*Entries supplied*.
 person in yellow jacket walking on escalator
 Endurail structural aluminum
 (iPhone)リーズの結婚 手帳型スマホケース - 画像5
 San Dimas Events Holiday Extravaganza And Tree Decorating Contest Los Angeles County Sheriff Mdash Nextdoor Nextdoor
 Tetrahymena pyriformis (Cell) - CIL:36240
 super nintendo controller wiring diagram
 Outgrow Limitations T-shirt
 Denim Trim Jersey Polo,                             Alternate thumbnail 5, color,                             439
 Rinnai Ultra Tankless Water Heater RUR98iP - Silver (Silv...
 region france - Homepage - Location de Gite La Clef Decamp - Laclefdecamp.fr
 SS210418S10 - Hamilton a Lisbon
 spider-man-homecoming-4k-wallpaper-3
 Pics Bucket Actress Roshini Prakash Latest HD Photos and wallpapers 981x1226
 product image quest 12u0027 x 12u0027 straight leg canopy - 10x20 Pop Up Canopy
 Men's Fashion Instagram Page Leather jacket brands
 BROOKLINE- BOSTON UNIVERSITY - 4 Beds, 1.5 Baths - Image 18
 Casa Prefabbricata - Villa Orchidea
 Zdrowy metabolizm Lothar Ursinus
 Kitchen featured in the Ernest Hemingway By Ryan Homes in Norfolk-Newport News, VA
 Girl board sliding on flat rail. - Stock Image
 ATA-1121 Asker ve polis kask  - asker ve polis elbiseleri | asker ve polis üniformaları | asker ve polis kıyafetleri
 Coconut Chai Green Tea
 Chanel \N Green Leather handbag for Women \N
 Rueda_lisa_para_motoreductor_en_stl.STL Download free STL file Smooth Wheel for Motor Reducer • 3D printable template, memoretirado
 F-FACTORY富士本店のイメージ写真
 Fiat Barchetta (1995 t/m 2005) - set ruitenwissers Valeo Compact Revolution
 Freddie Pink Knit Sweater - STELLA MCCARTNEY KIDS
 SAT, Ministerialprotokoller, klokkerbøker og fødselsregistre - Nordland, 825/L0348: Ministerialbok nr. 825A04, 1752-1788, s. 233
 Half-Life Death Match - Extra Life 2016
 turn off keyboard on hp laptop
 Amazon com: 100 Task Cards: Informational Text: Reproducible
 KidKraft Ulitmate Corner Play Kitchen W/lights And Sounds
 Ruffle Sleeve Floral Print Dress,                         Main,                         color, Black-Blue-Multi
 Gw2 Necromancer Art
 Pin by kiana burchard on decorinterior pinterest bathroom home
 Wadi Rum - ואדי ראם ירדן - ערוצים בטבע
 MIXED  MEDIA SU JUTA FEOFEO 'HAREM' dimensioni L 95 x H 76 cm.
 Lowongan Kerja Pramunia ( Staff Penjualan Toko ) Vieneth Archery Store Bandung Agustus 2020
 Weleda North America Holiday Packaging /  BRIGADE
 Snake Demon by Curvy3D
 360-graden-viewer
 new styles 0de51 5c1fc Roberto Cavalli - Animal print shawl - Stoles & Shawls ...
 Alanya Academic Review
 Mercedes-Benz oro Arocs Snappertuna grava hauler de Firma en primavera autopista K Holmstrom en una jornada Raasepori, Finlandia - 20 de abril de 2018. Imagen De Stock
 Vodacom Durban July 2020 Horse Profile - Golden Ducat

*What to work on*.
Starting at the line that has "spider-man-homecoming-4k-wallpaper-3" in the records above, restate word for word every line until the one that has "KidKraft Ulitmate Corner", and include that one as well.

*Answer area*.
 spider-man-homecoming-4k-wallpaper-3
 Pics Bucket Actress Roshini Prakash Latest HD Photos and wallpapers 981x1226
 product image quest 12u0027 x 12u0027 straight leg canopy - 10x20 Pop Up Canopy
 Men's Fashion Instagram Page Leather jacket brands
 BROOKLINE- BOSTON UNIVERSITY - 4 Beds, 1.5 Baths - Image 18
 Casa Prefabbricata - Villa Orchidea
 Zdrowy metabolizm Lothar Ursinus
 Kitchen featured in the Ernest Hemingway By Ryan Homes in Norfolk-Newport News, VA
 Girl board sliding on flat rail. - Stock Image
 ATA-1121 Asker ve polis kask  - asker ve polis elbiseleri | asker ve polis üniformaları | asker ve polis kıyafetleri
 Coconut Chai Green Tea
 Chanel \N Green Leather handbag for Women \N
 Rueda_lisa_para_motoreductor_en_stl.STL Download free STL file Smooth Wheel for Motor Reducer • 3D printable template, memoretirado
 F-FACTORY富士本店のイメージ写真
 Fiat Barchetta (1995 t/m 2005) - set ruitenwissers Valeo Compact Revolution
 Freddie Pink Knit Sweater - STELLA MCCARTNEY KIDS
 SAT, Ministerialprotokoller, klokkerbøker og fødselsregistre - Nordland, 825/L0348: Ministerialbok nr. 825A04, 1752-1788, s. 233
 Half-Life Death Match - Extra Life 2016
 turn off keyboard on hp laptop
 Amazon com: 100 Task Cards: Informational Text: Reproducible
 KidKraft Ulitmate Corner Play Kitchen W/lights And Sounds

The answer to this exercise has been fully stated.